Definition 8 Let \(Y \sim f_Y(y)\) and \(V \sim f_V(v)\) where \(f_Y\) and \(f_V\) have common support with \[M = \sup_y f_Y(y) / f_V(y) < \infty.\] To generate a random variable \(Y \sim f_Y\):

  1. Generate \(U \sim \text{uniform}(0, 1)\), \(V \sim f_V\) independent.

  2. If \(U < \frac 1M f_Y(V)/f_V(V)\), return \(V\) as a sample of \(Y\); otherwise go back to (a.).

  • It is typical to call \(V\) the candidate density and \(Y\) the target density.

  • One would normally try to choose a candidate density with heavier tails than the target density (e.g. Cauchy and normal) to ensure that the tails of the target are well represented. If the target has heavy tails, however, it can be hard to find a candidate that results in finite \(M\). In this case people turn to MCMC methods.

  • Note that \(\text{P }(\texttt{terminate}) = 1/M\). The number of trials to generate one sample of \(Y\) is therefore \(\text{geometric}(1/M)\), with \(M\) the expected number of trials.

  • The intuition behind this algorithm is that if we consider placing the density of a random variable \(Y\) in a box (2d for simplicity) with coordinates \((v,u)\), we express the cdf of \(Y\) using \(V, U \sim \text{uniform}(0, 1)\) \[\text{P }(Y \leq y) = \text{P }(V \leq y \vert{} U \leq \frac1c f_Y(V))\] where \(c = \sup_y f_Y(y)\). In the actual algorithm we take \(U \sim \text{uniform}(0,1)\) and \(V\) to be an RV that has common support with \(Y\).

Order Statistics

Definition: sample percentile

The notation \(\{b\}\), when appearing in a subscript, is defined to be the number \(b\) rounded to the nearest integer in the usual way. More precisely, if \(i\) is an integer and \(i - .5 \le b < i + .5\), then \(\{b\} = i\).

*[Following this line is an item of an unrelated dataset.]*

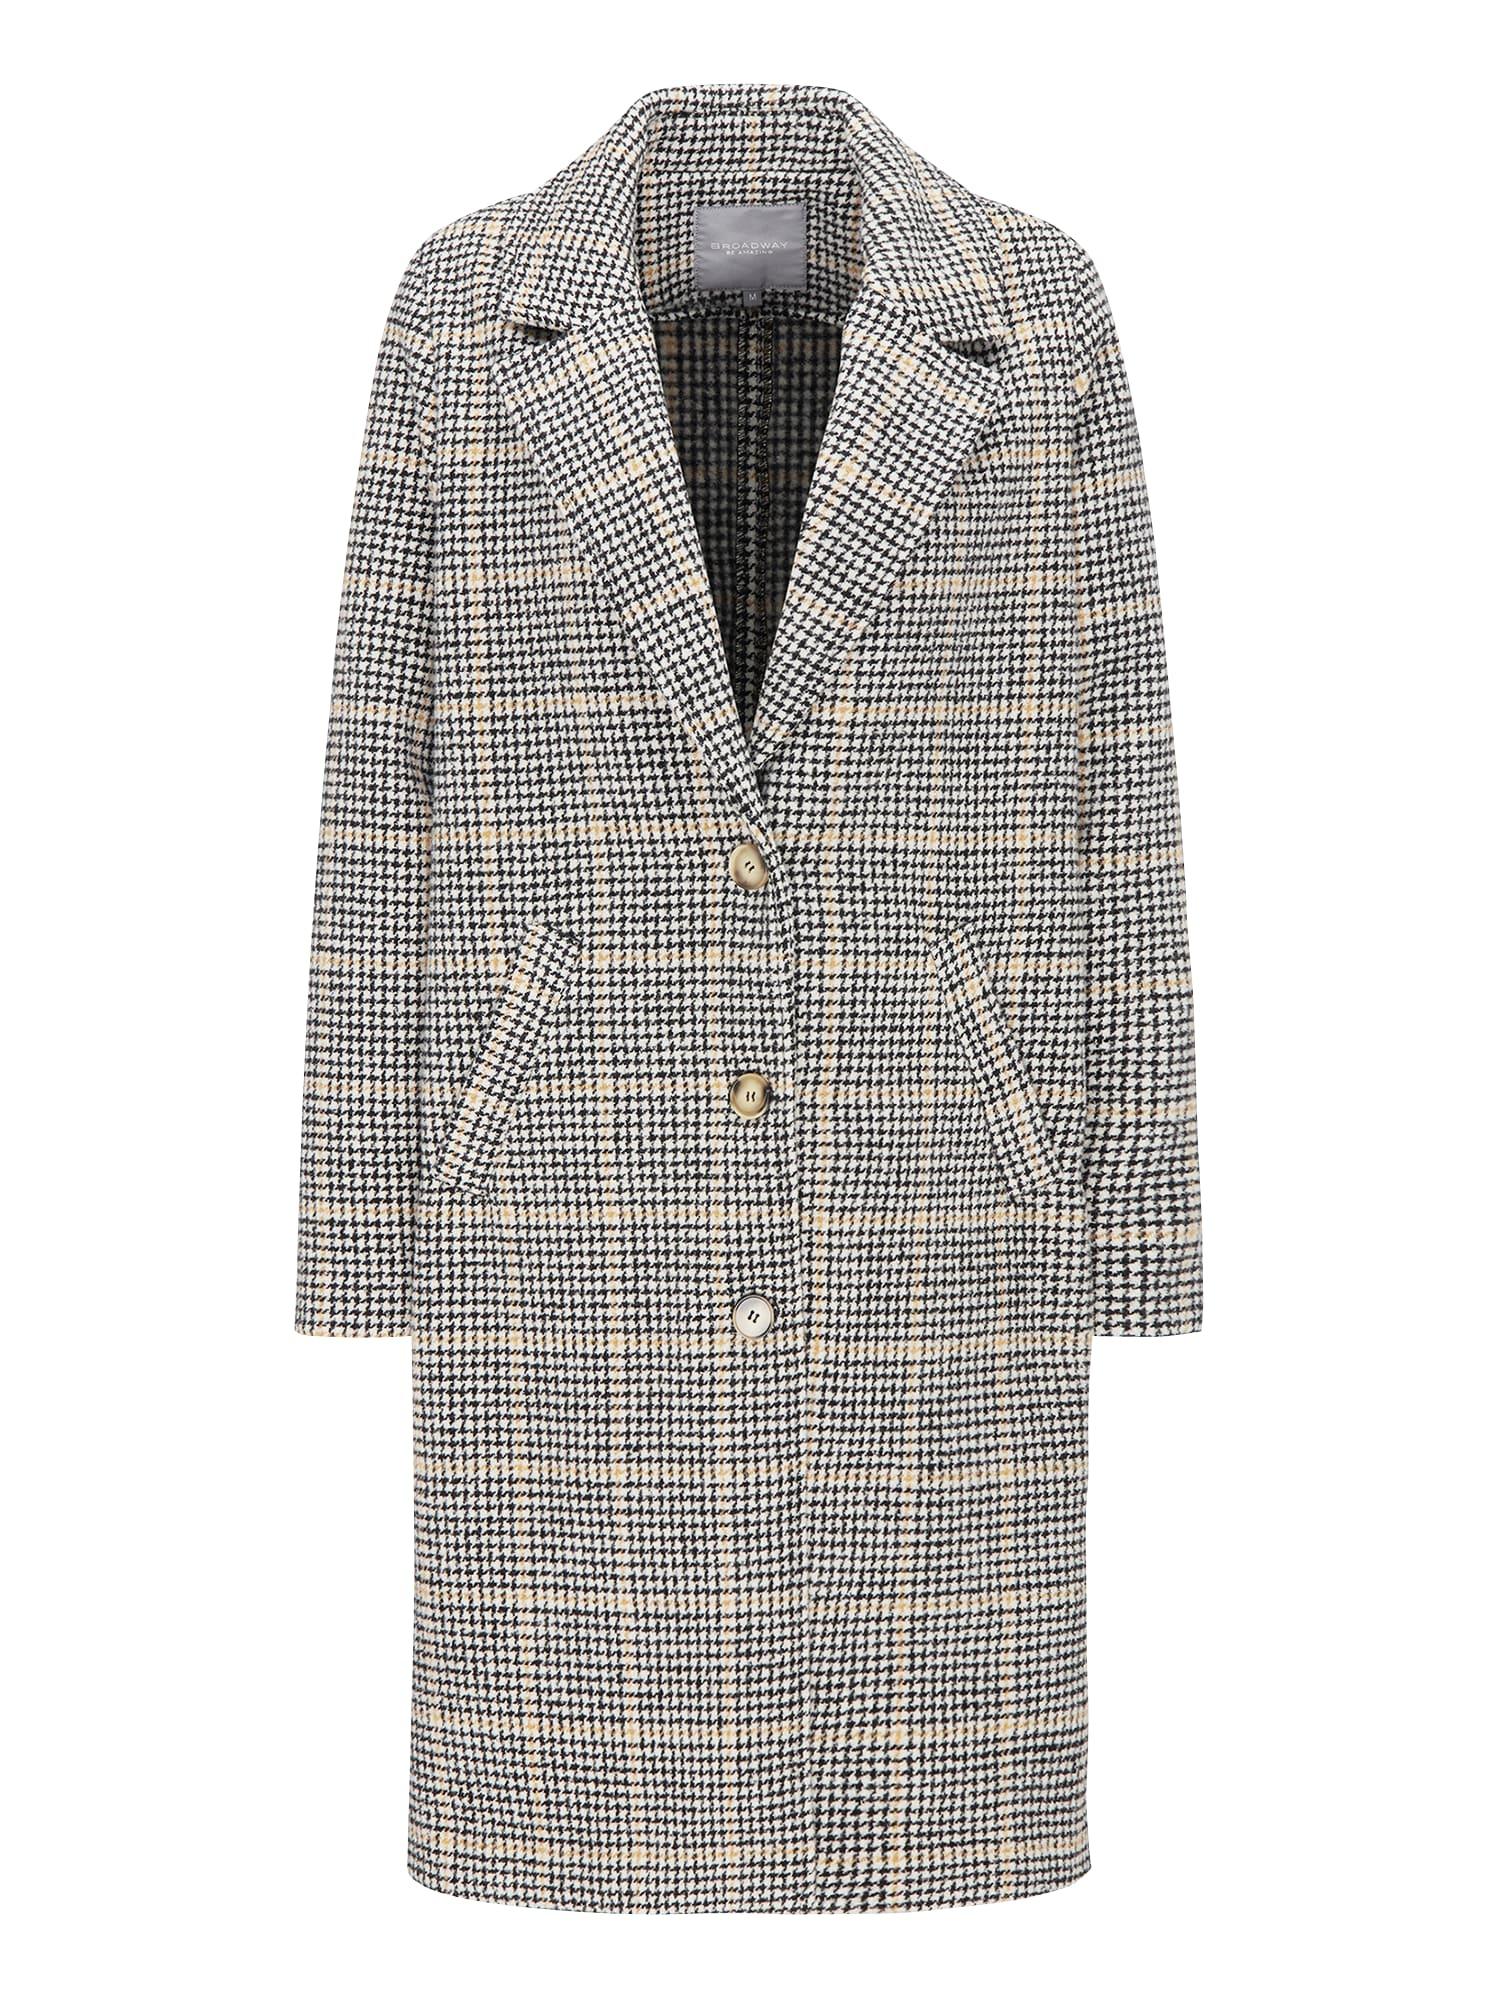 Přechodný kabát SHERALIN béžová světle šedá BROADWAY NYC FASHION

The \((100p)th\) sample percentile is \(X_{(\{np\})}\) if \(\frac{1}{2n}<p<.5\) and \(X_{(n+1-\{n(1-p)\})}\) if \(.5<p<1-\frac{1}{2n}\)

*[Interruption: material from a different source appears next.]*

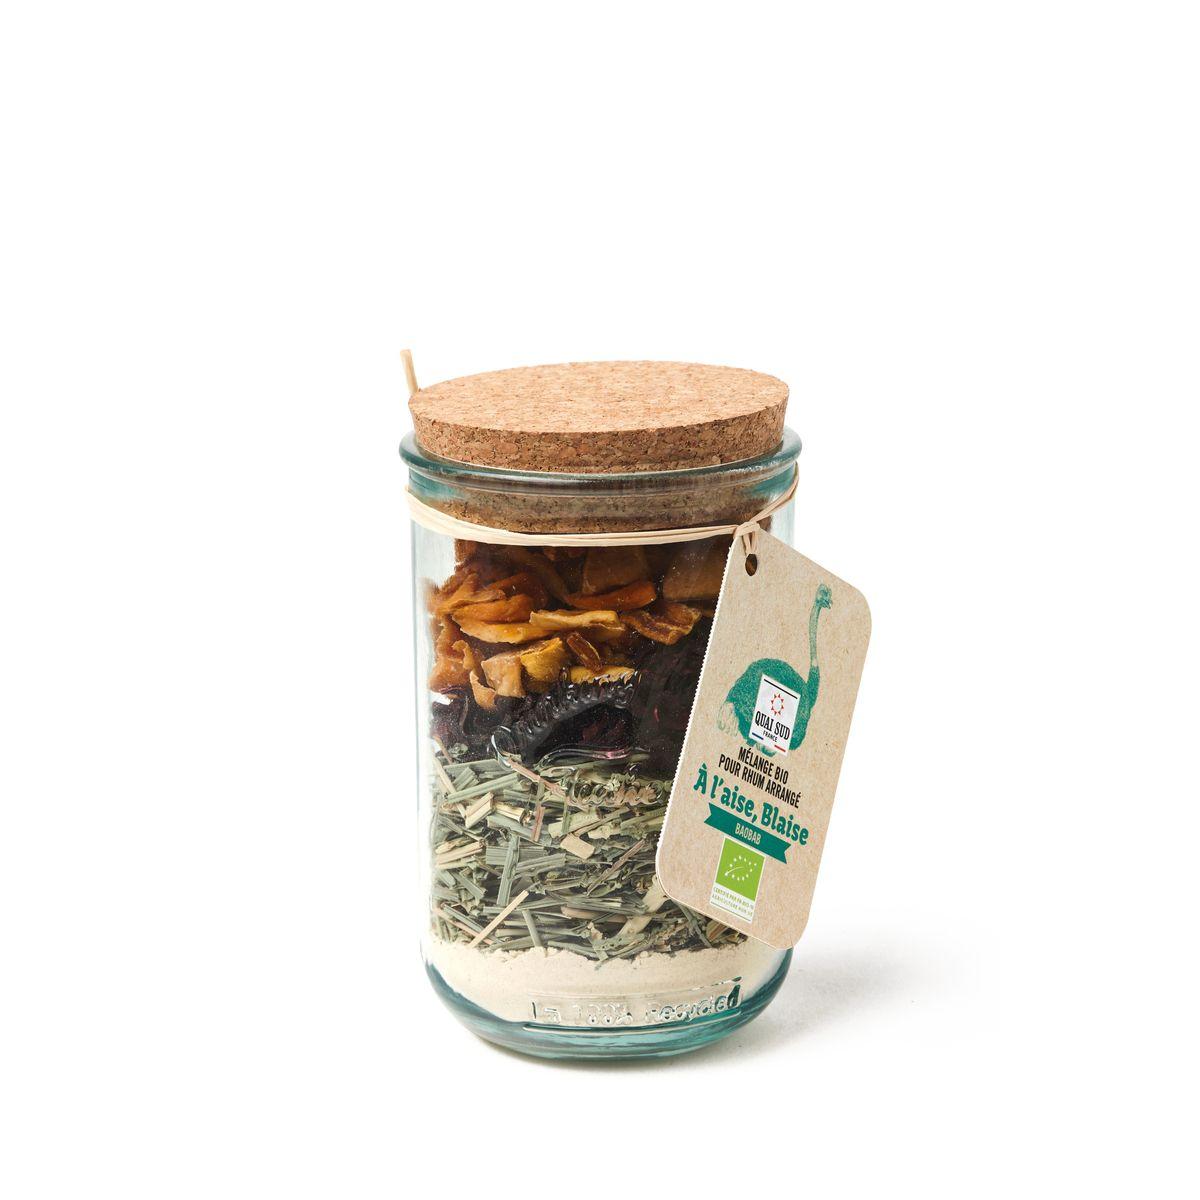 Mélange Bio pour Rhum arrangé en tumbler en verre recyclé A l´aise Blaise Baobab 100g - Quai Sud
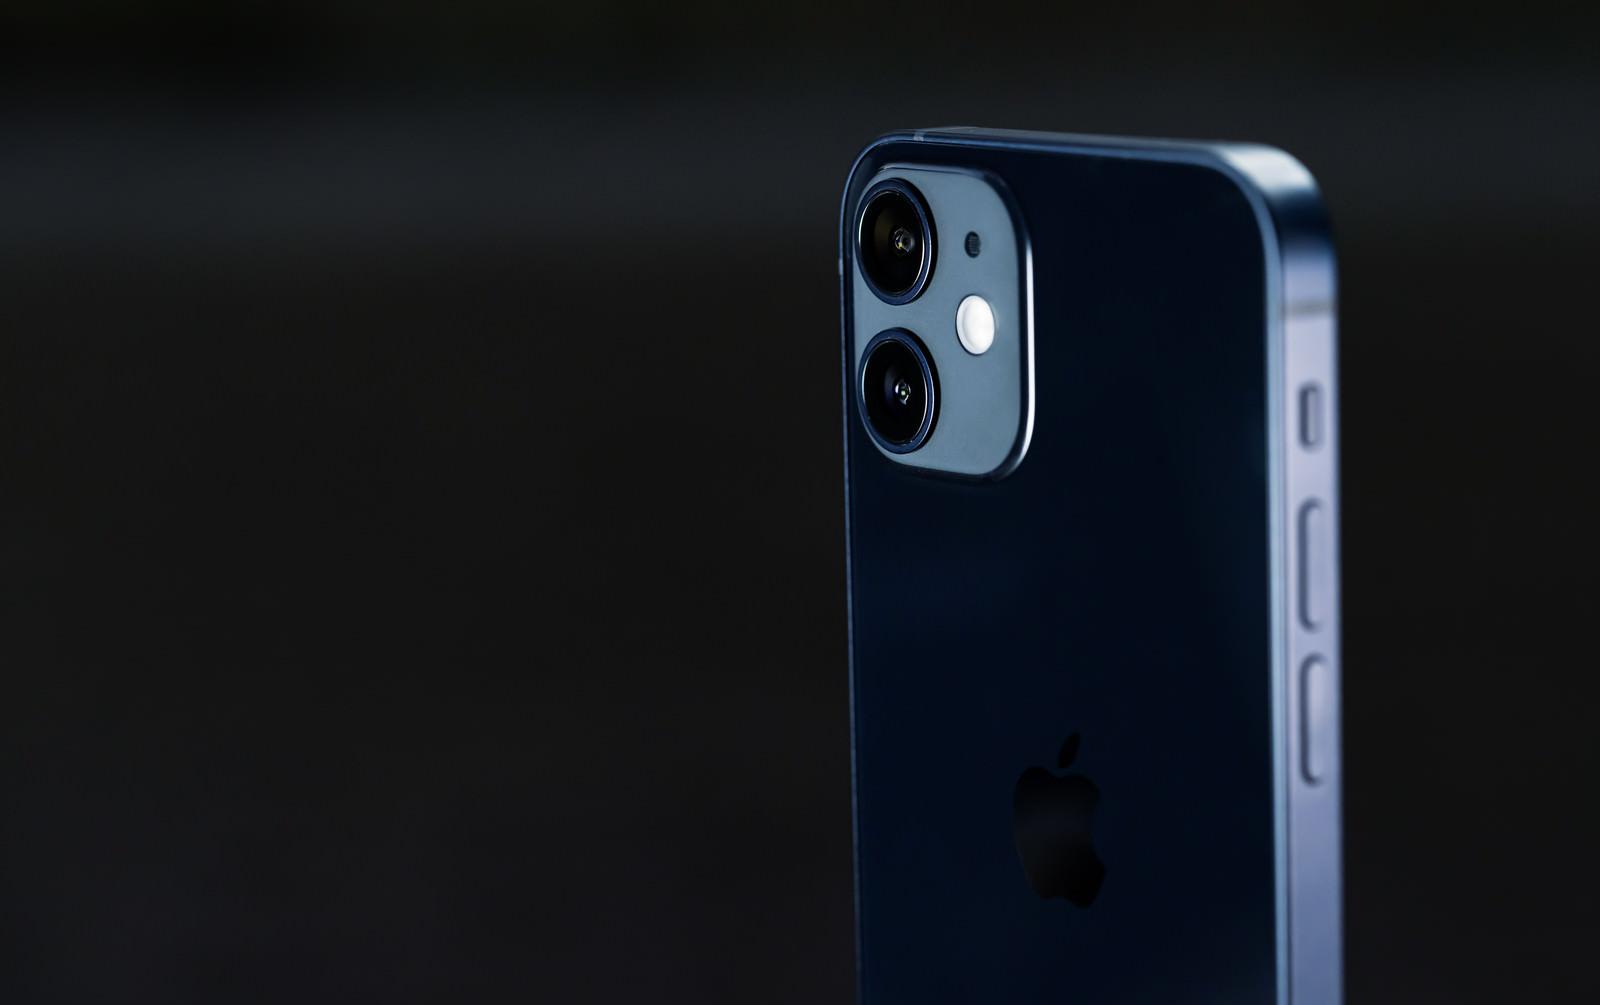 「暗闇に浮かび上がる iPhone 12」の写真

6. Principles of Data Reduction

In this chapter, we explore how we can use functions of a sample \(\mathbf{X}\) to make inferences about an unknown parameter (of the distribution of the sample) \(\theta\).

[Statistic] A statistic is any function of the data.

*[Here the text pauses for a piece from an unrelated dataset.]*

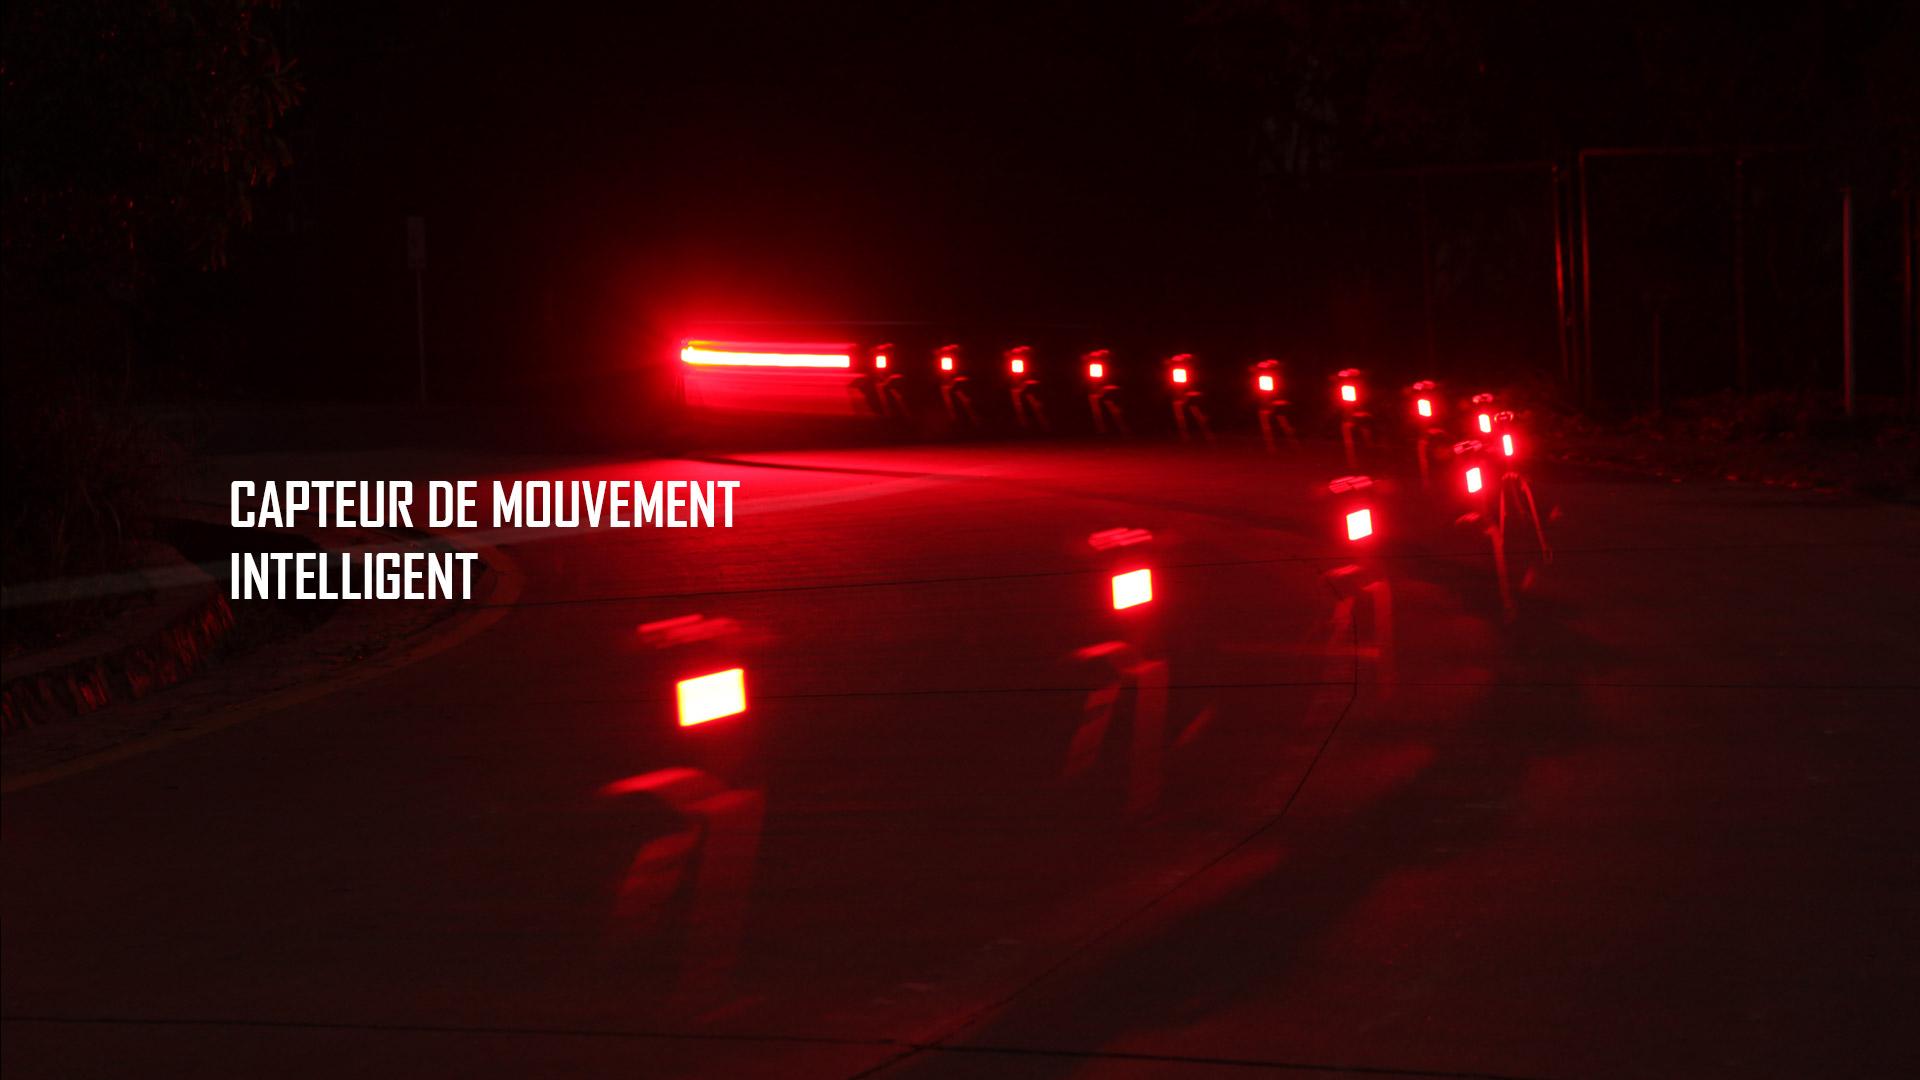 Capteur de mouvement intelligent lampe arrière vélo

A statistic \(T(X)\) forms a partition of the sample space \(\mathcal X\) according to its image, \(\mathcal{T} = \{t: \exists \mathbf{x} \in \mathcal X{} \text{ so that } t = T(\mathbf{x})\}\). In this way a statistic provides a method of data reduction. An experimenter who observes only \(T\) will treat as equal two samples \(\mathbf{x}, \mathbf{y}\) for which \(T(\mathbf{x}) = T(\mathbf{y})\).

The Sufficiency Principle

Sufficient Statistic A statistic \(T(\mathbf{X})\) is a sufficient statistic for \(\theta\) if the conditional distribution of the sample \(\mathbf{X}\) given \(T(\mathbf{X})\) does not depend on \(\theta\).

We ignore the fact that all points have \(0\) probability for continuous distributions.

The Sufficiency Principle If \(T(\mathbf{X})\) is a sufficient statistic for \(\theta\), then any inference about \(\theta\) should depend on the sample \(\mathbf{X}\) only through \(T(\mathbf{X})\).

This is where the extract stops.